One exact copy of the listing is needed. It should contain no pictures.

Data excerpt:
--- --- ---

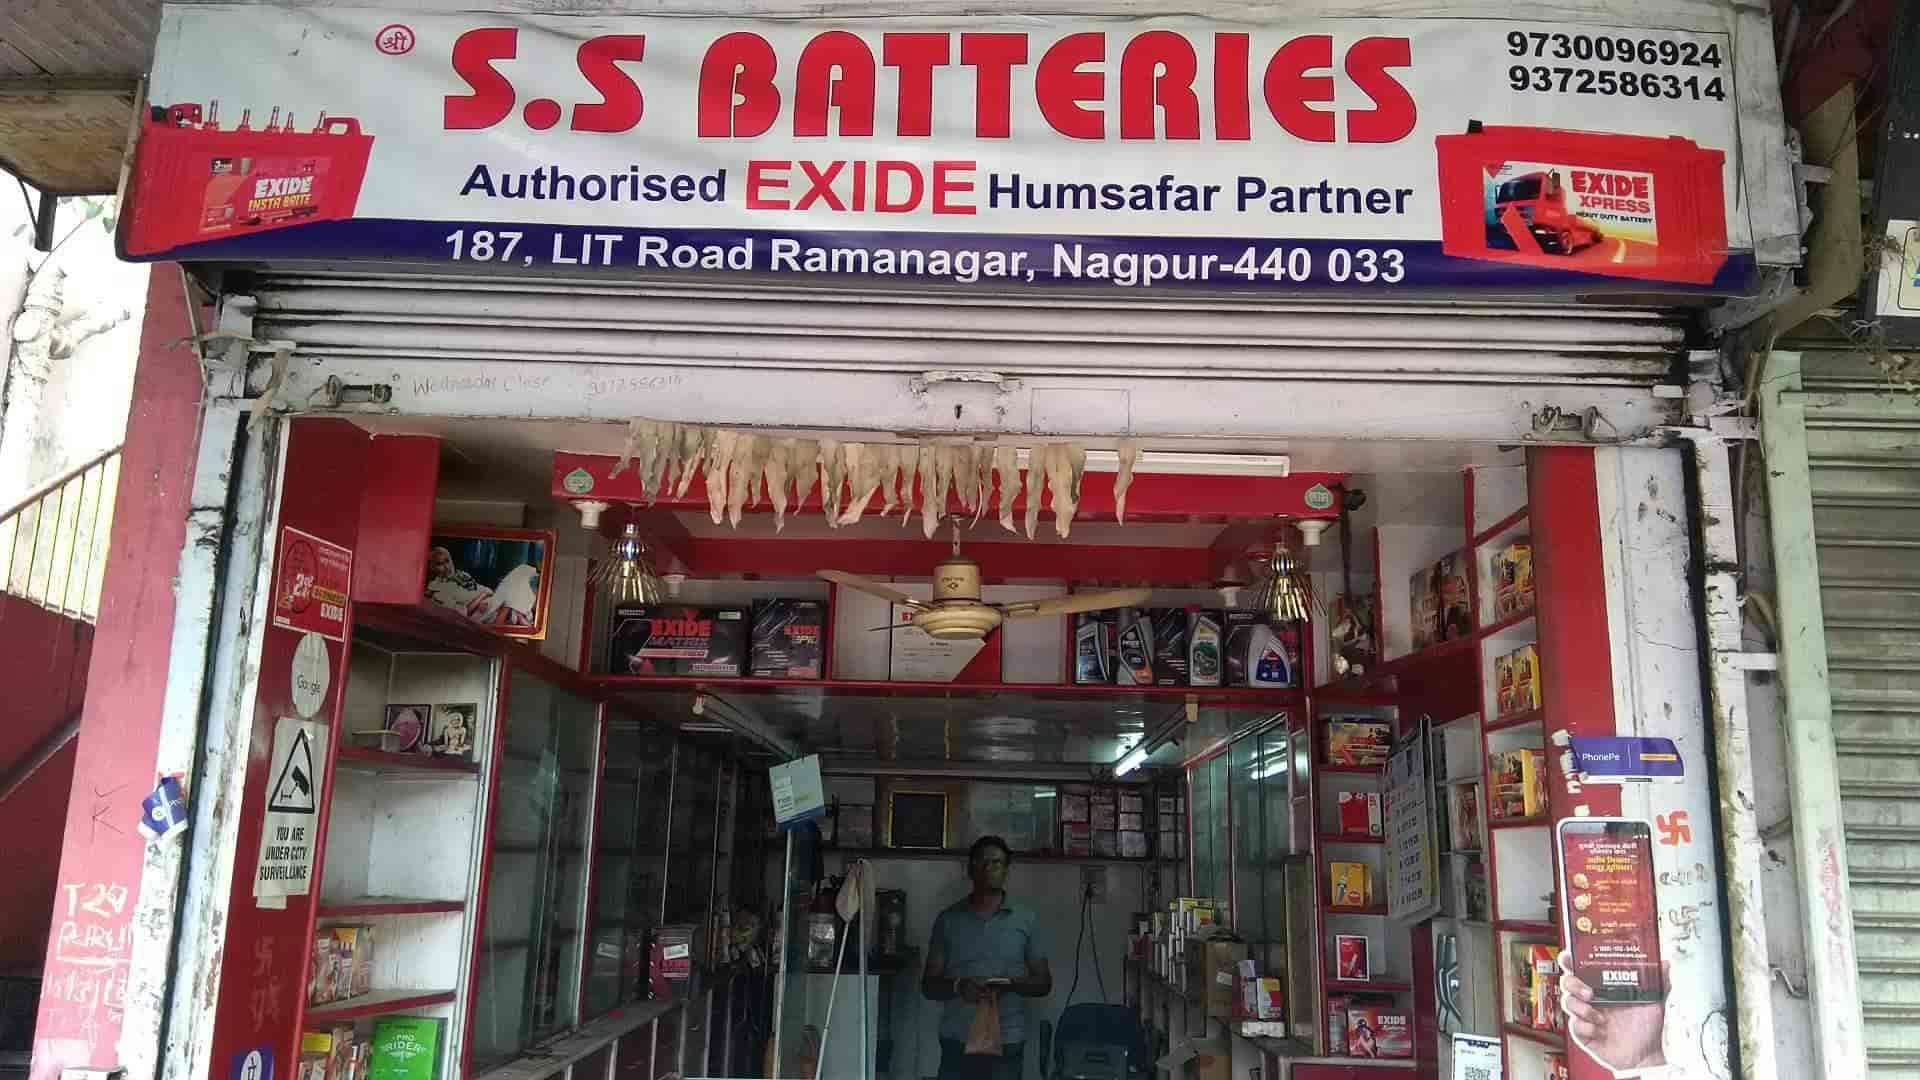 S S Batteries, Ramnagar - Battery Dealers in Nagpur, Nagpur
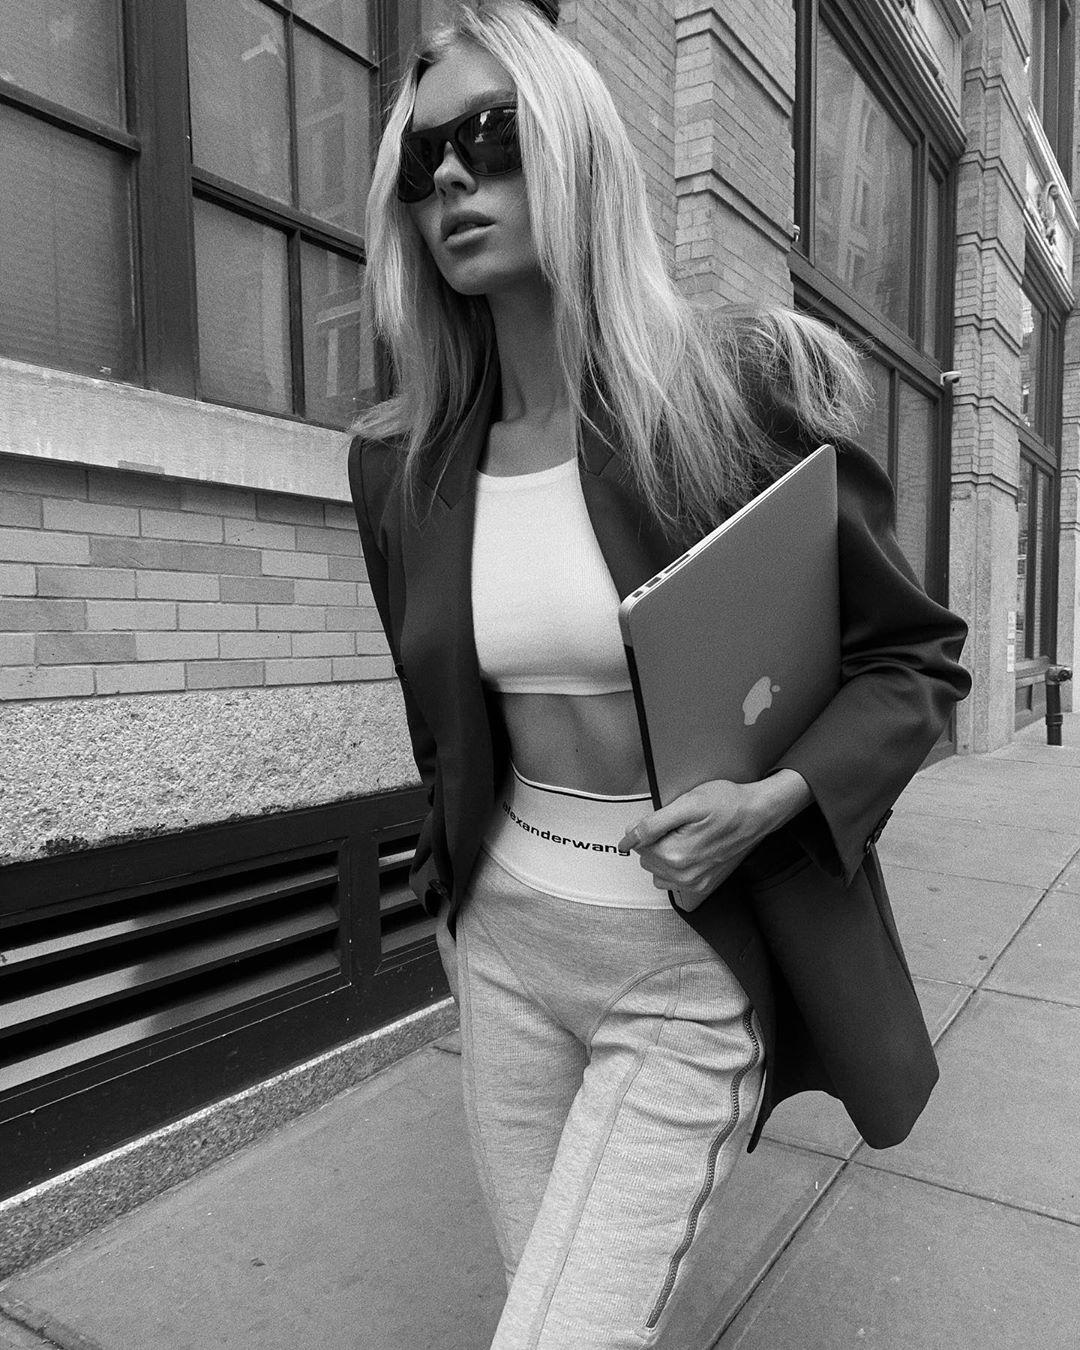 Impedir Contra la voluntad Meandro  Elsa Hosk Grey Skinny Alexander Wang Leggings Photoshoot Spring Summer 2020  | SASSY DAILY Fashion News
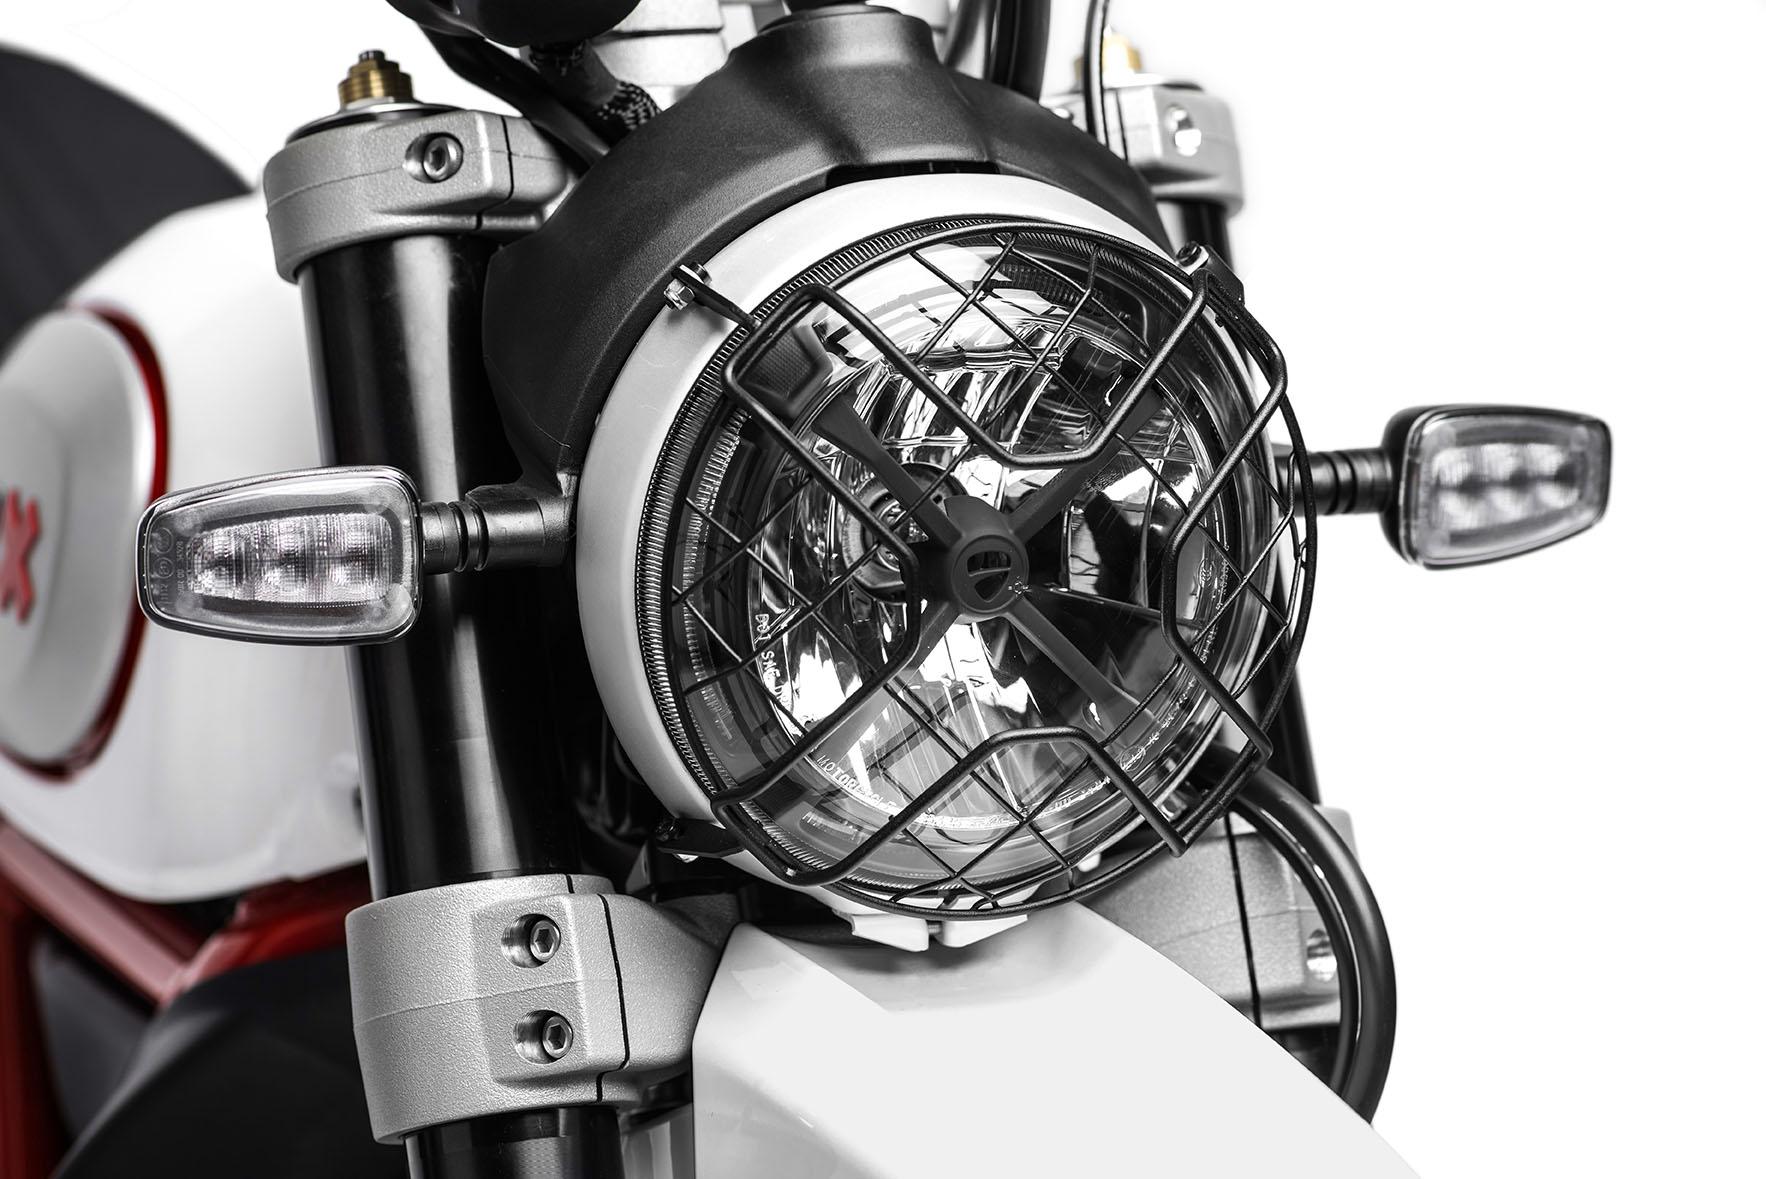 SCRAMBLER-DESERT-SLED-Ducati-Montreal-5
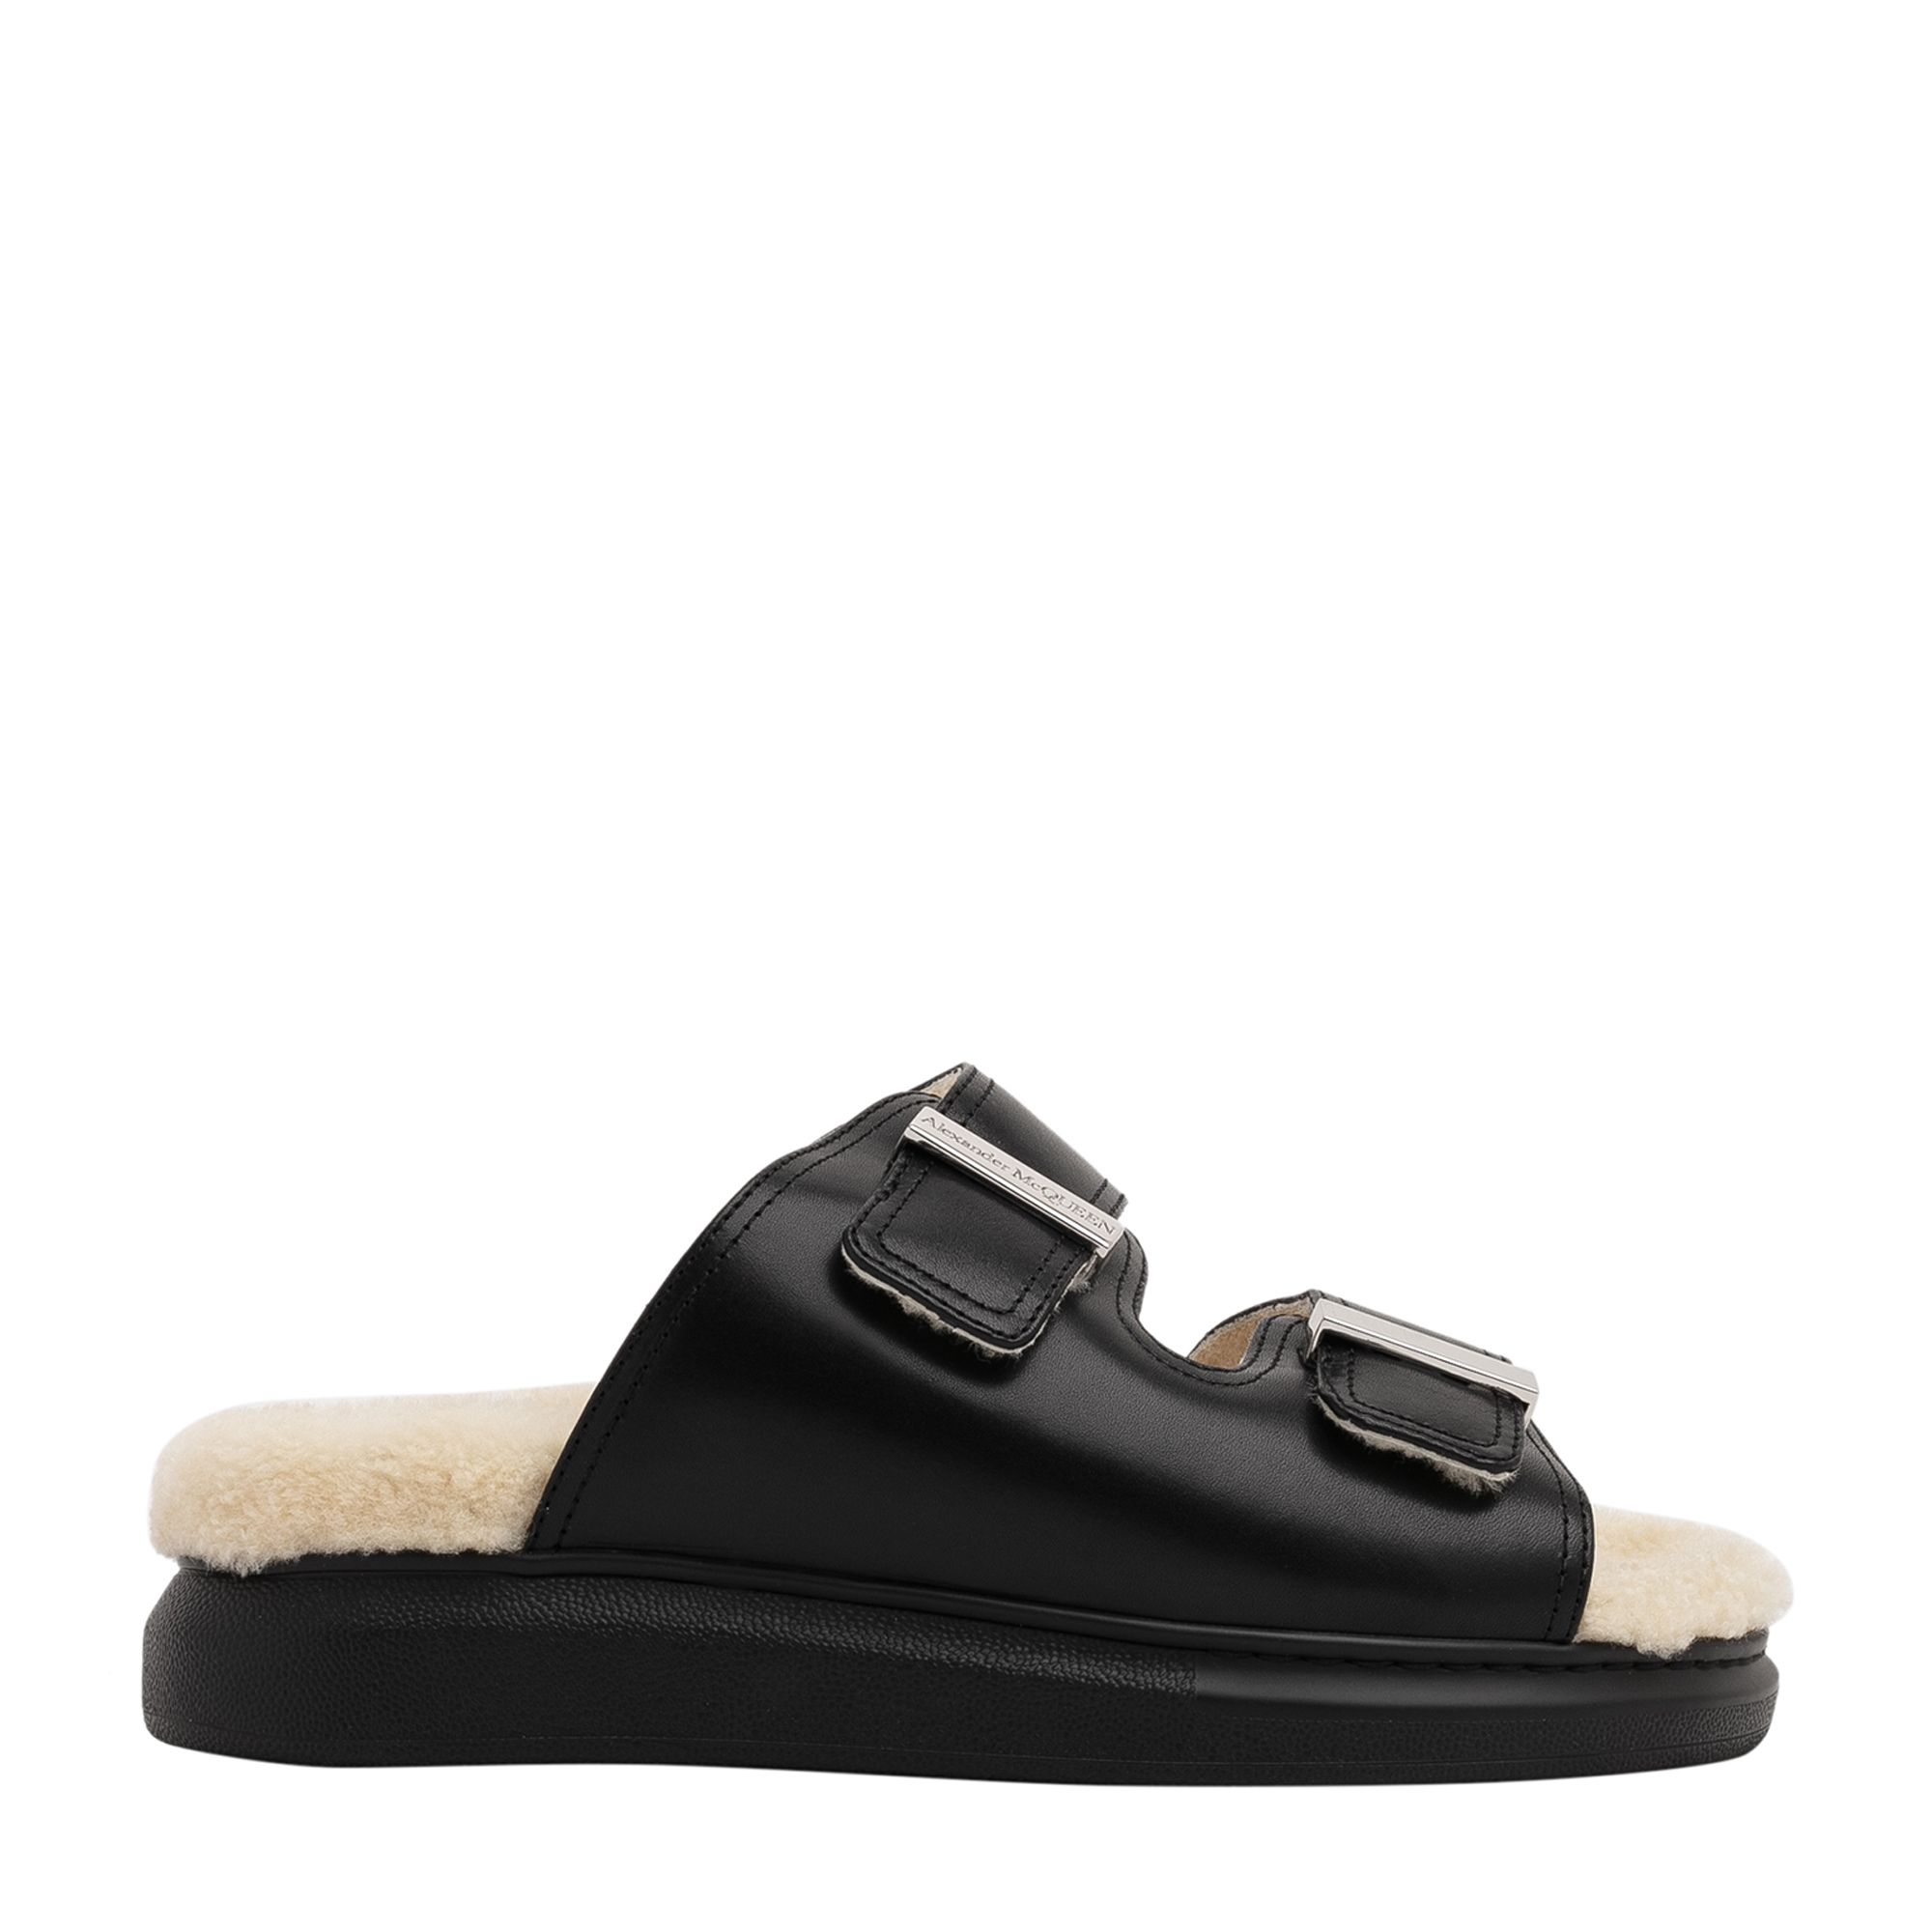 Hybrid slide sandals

--- --- ---

Answer for this exercise:
 S S Batteries, Ramnagar - Battery Dealers in Nagpur, Nagpur
 Impedir Contra la voluntad Meandro  Elsa Hosk Grey Skinny Alexander Wang Leggings Photoshoot Spring Summer 2020  | SASSY DAILY Fashion News
 SCRAMBLER-DESERT-SLED-Ducati-Montreal-5
 Hybrid slide sandals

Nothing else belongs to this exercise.